### Dataset excerpt ###
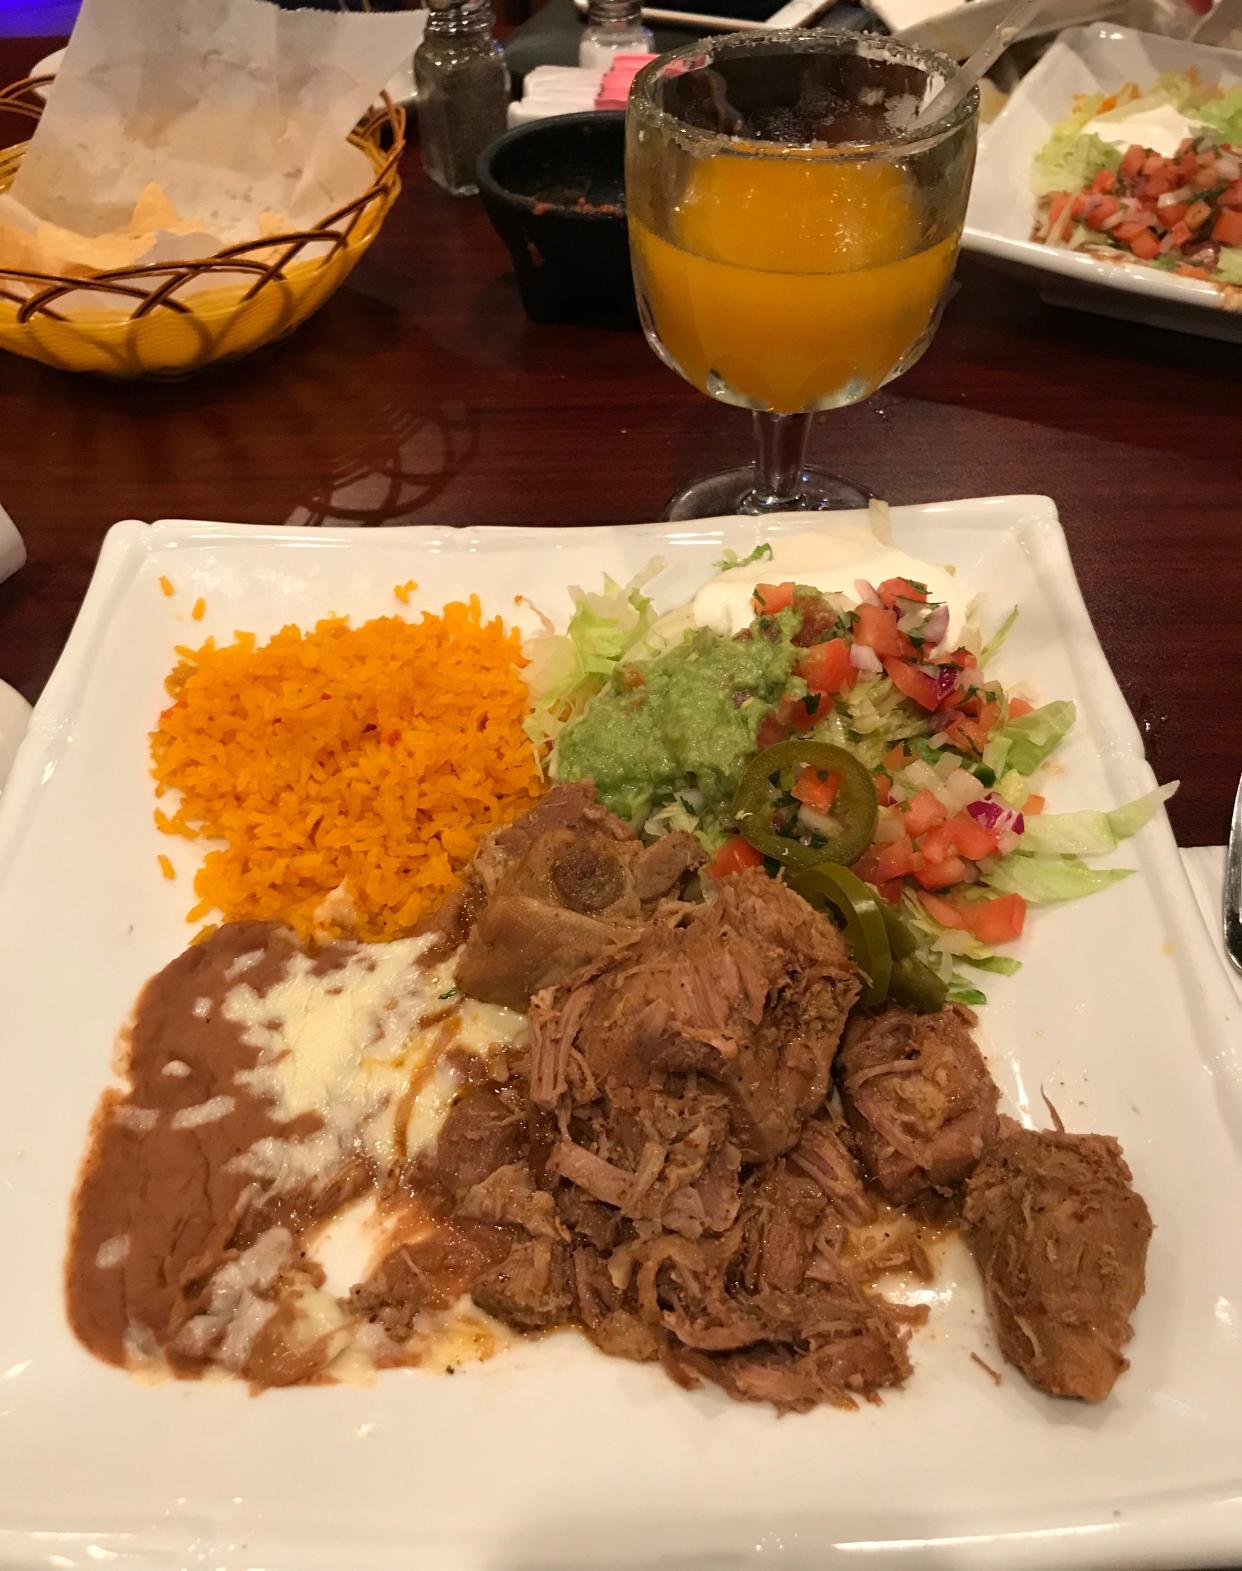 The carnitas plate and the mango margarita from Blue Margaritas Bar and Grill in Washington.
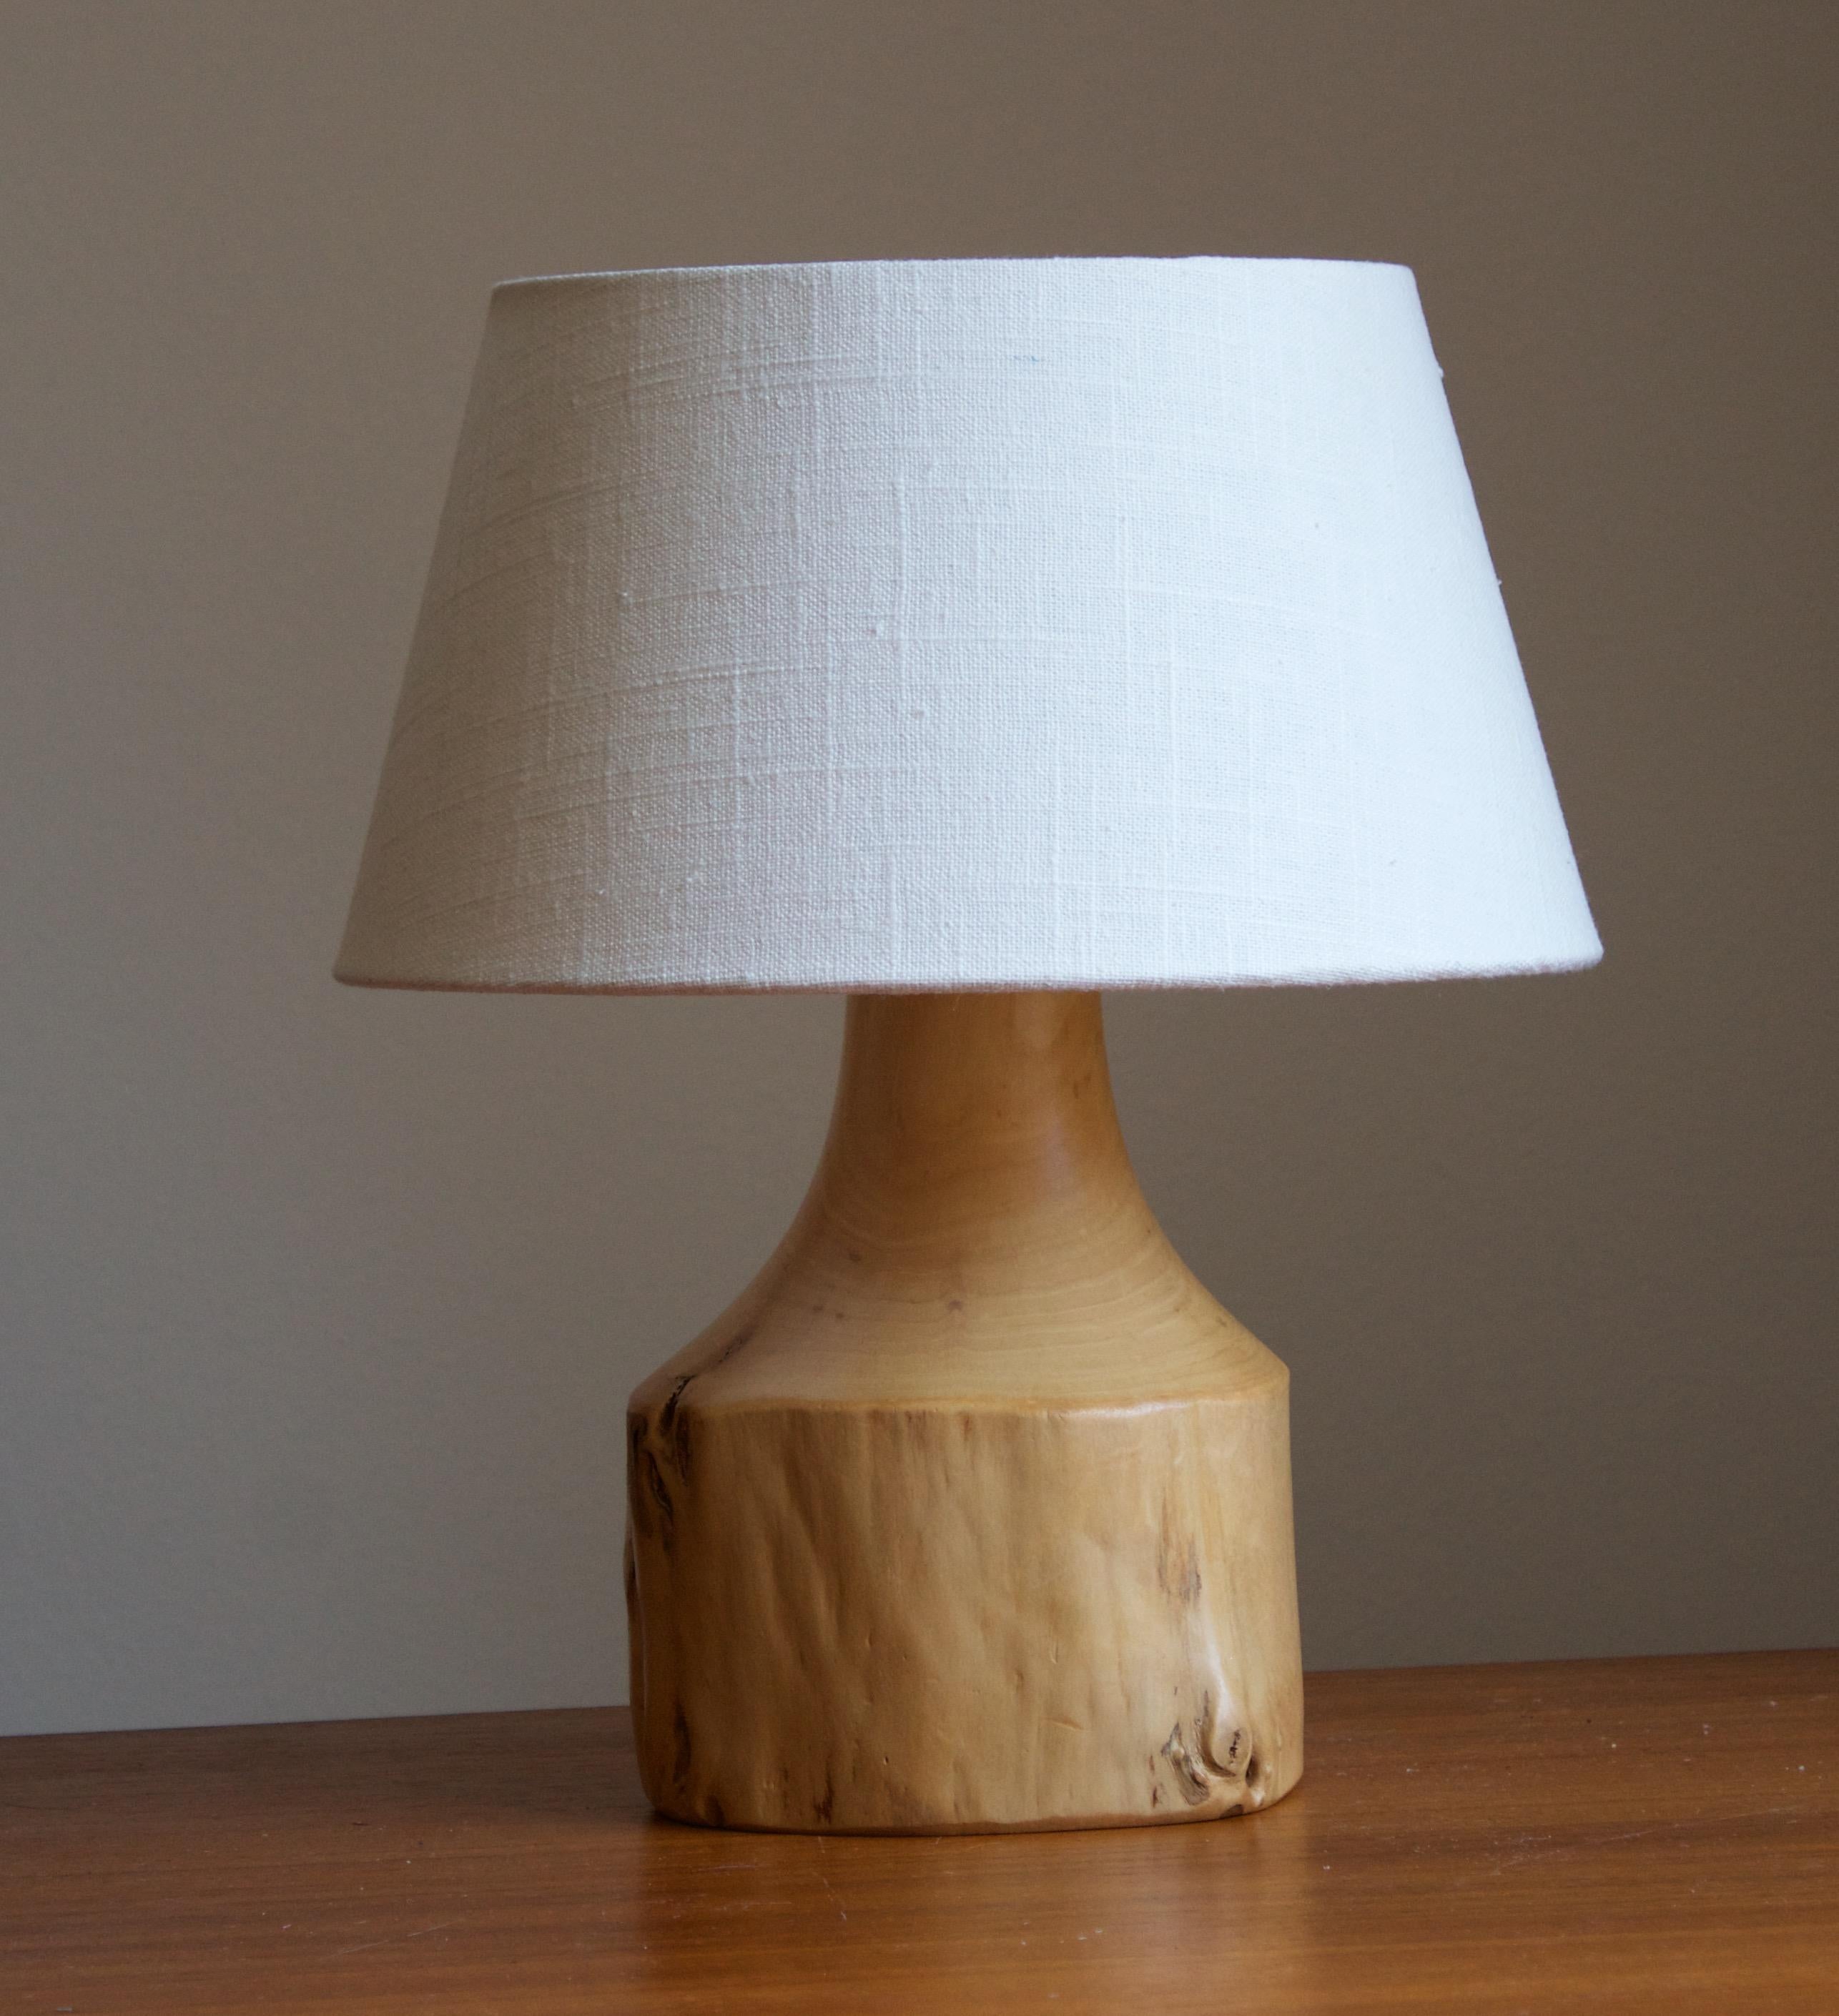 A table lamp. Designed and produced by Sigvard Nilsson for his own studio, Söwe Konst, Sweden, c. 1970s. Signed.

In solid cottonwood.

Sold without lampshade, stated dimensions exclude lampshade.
###
§ Task to complete: Give back the lines of the listing from the one with "In solid cottonwood." through the end, both included, exactly as written and with nothing added.

§ Exercise solution:
In solid cottonwood.

Sold without lampshade, stated dimensions exclude lampshade.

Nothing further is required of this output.